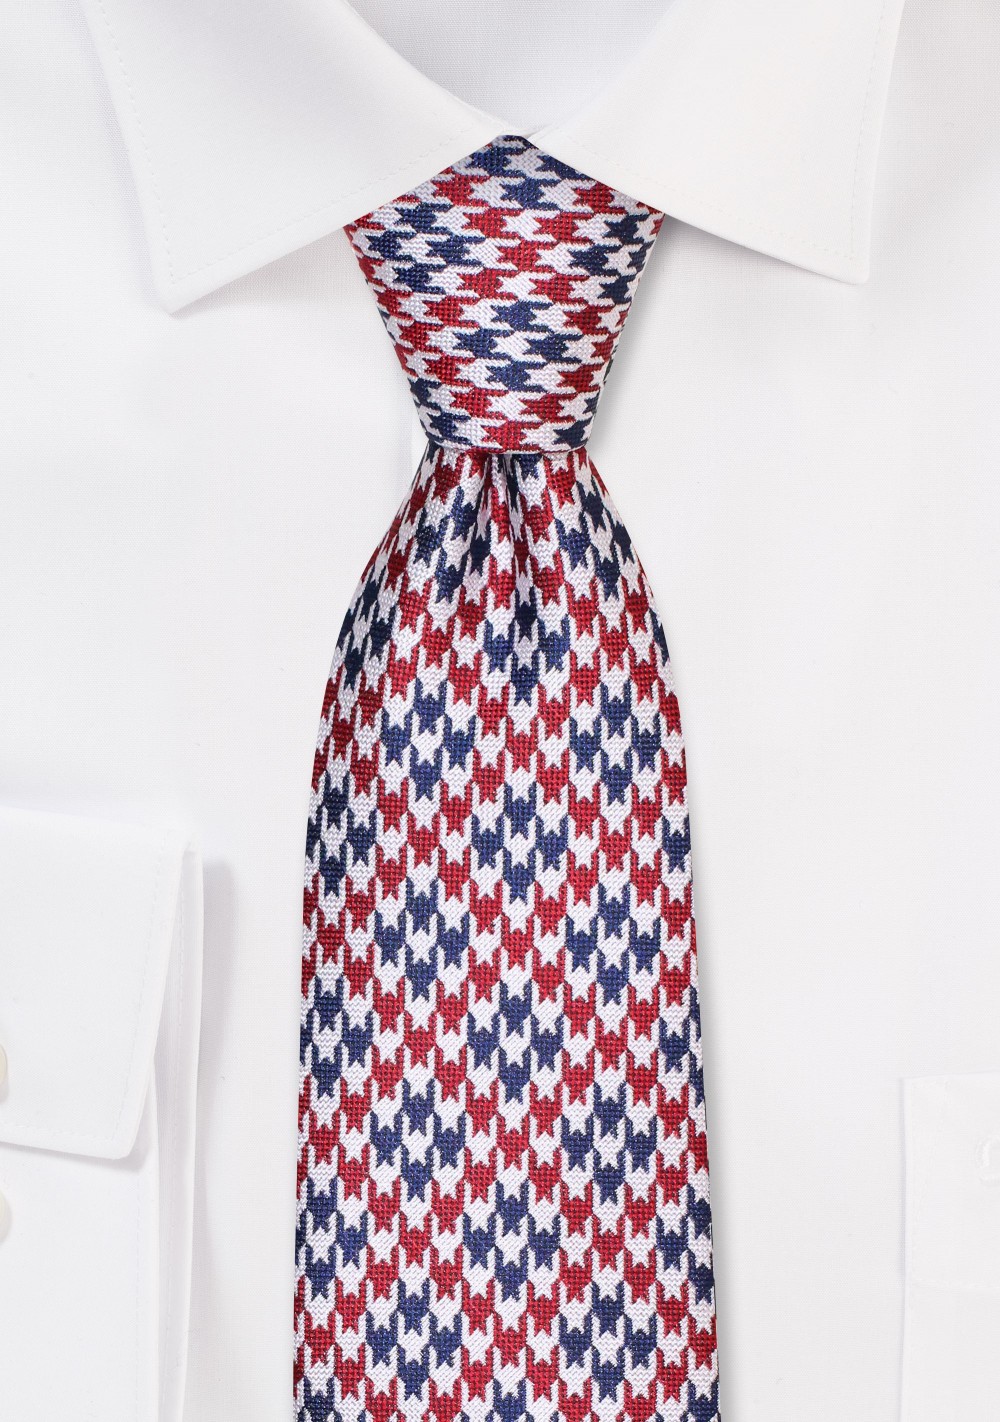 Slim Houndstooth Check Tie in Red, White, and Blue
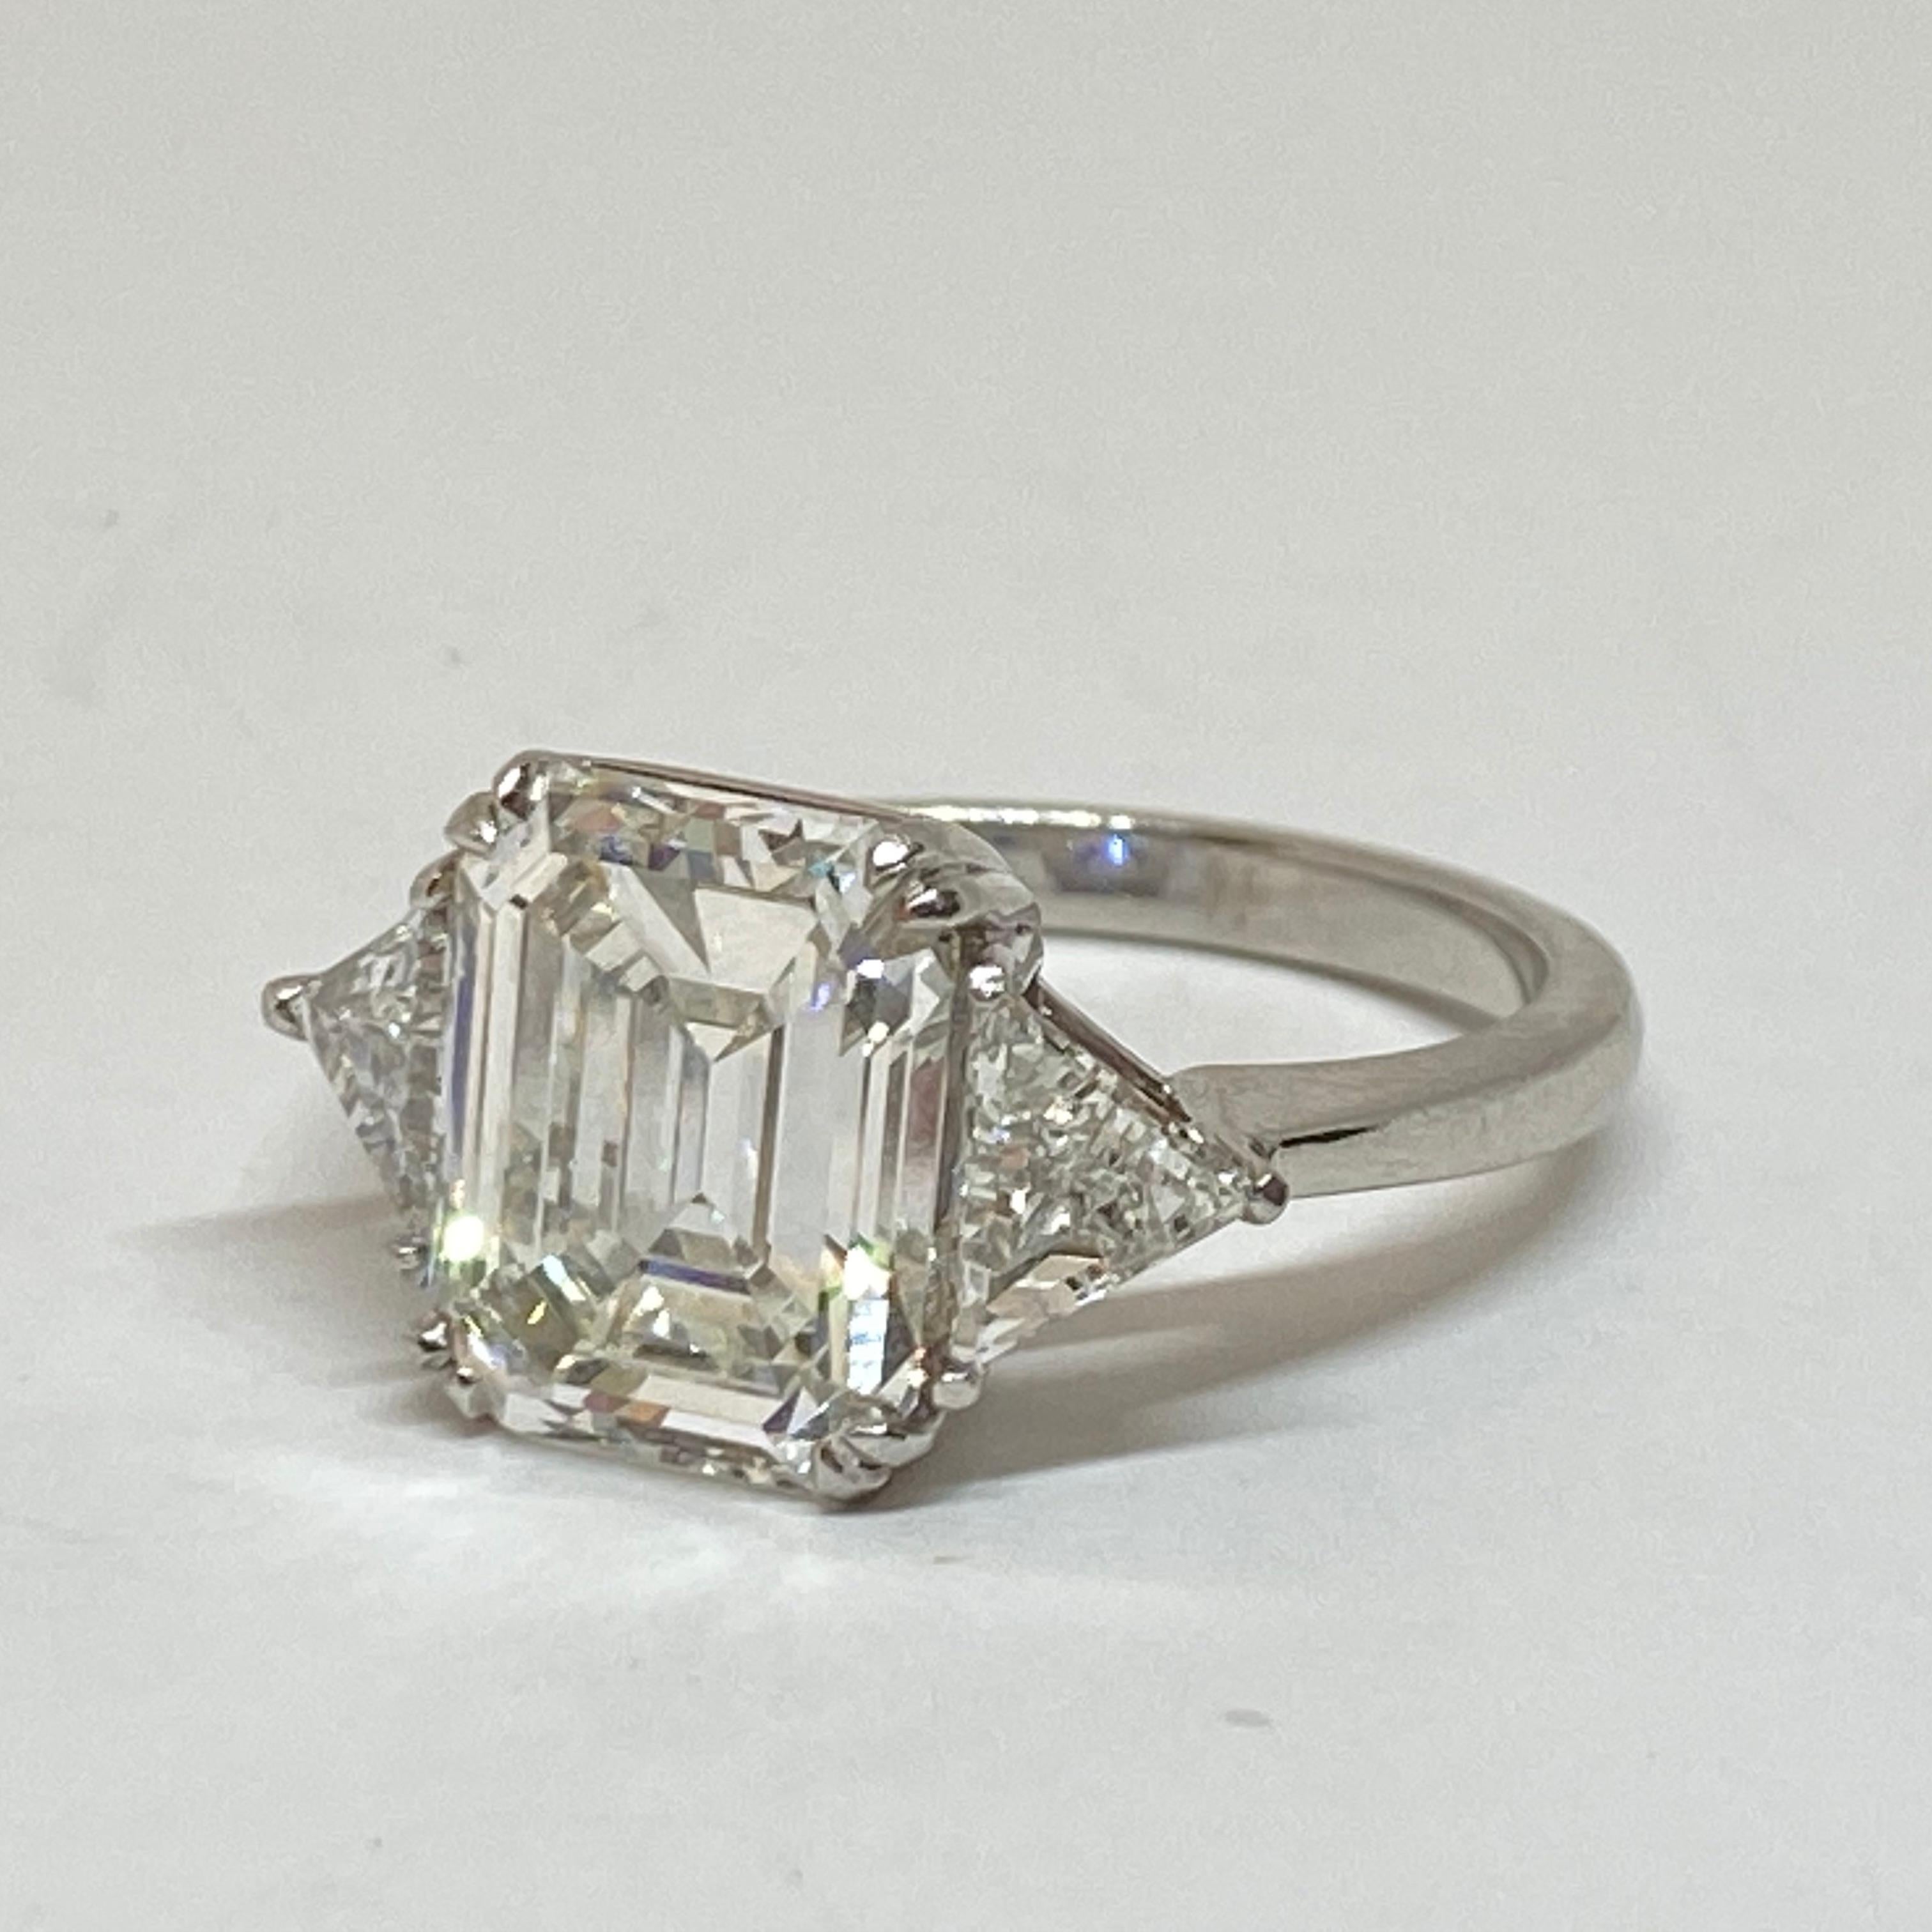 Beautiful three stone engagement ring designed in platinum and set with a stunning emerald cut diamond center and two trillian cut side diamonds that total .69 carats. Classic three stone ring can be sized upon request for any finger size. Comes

* * *

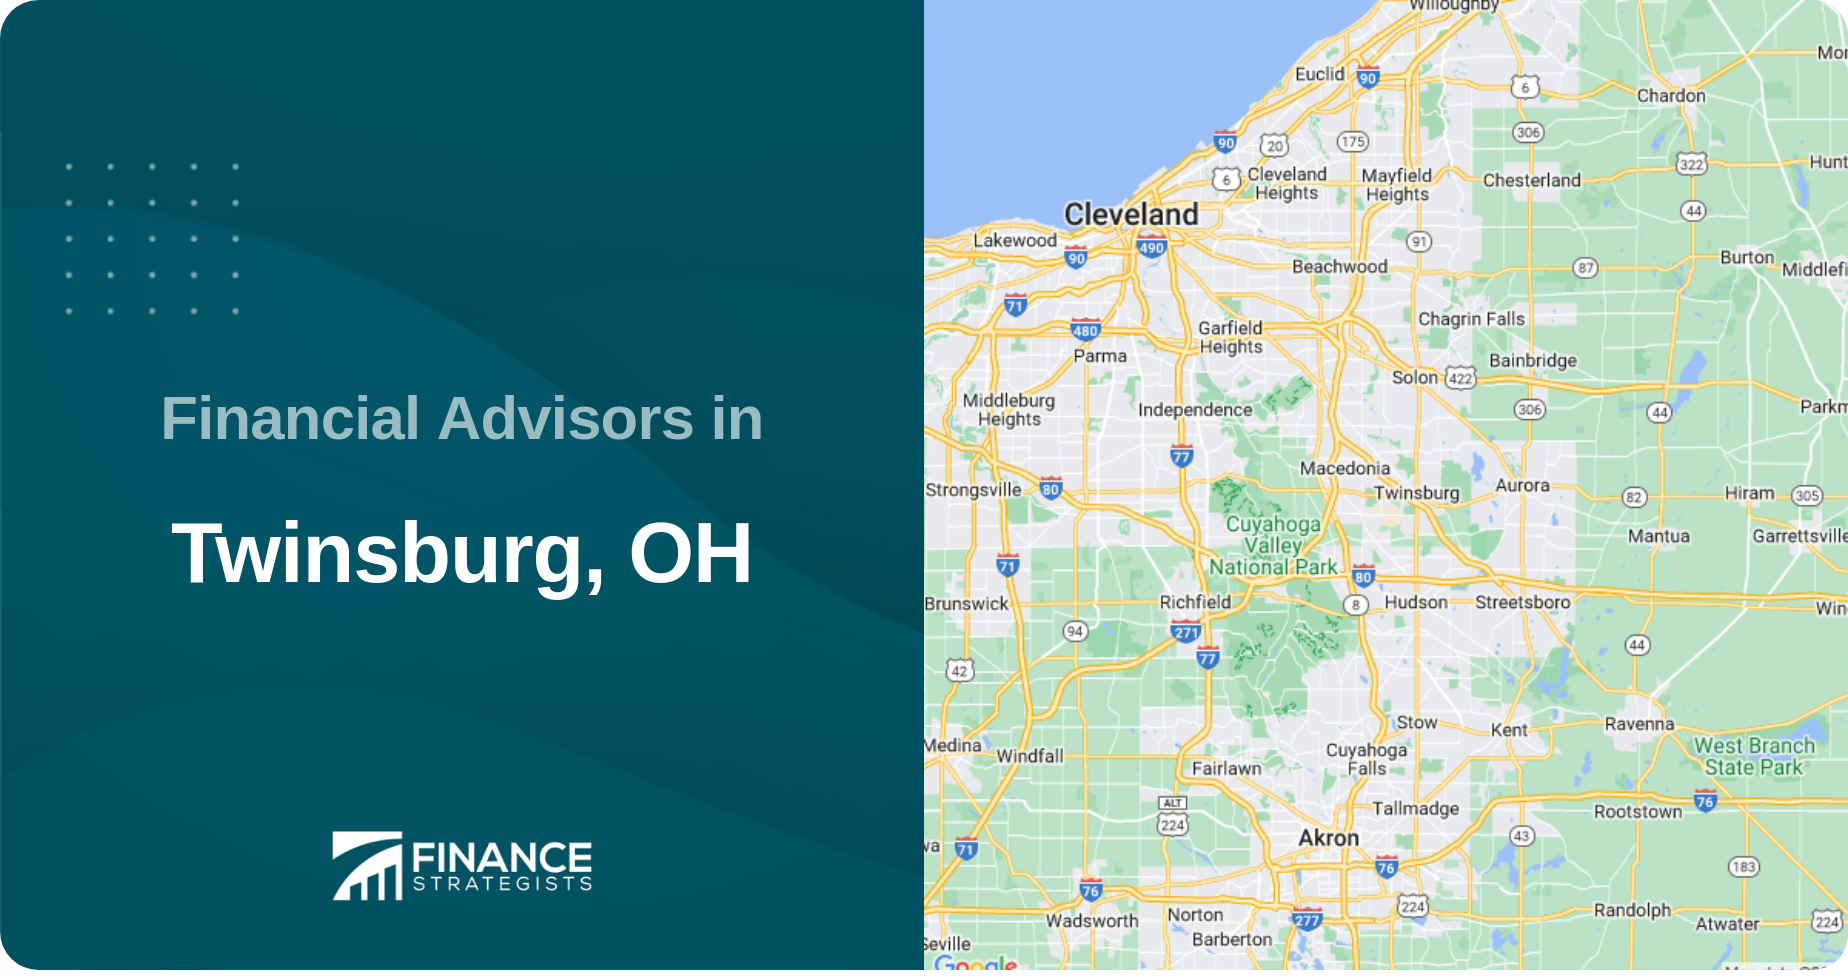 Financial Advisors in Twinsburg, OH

## Exercise objective
A verbatim reproduction is expected: starting at the line above that has "Slim Houndstooth Check", ending at the line that has "Beautiful three stone", both included, and with no pictures and no other lines.

## Answer area
 Slim Houndstooth Check Tie in Red, White, and Blue
 Beautiful three stone engagement ring designed in platinum and set with a stunning emerald cut diamond center and two trillian cut side diamonds that total .69 carats. Classic three stone ring can be sized upon request for any finger size. Comes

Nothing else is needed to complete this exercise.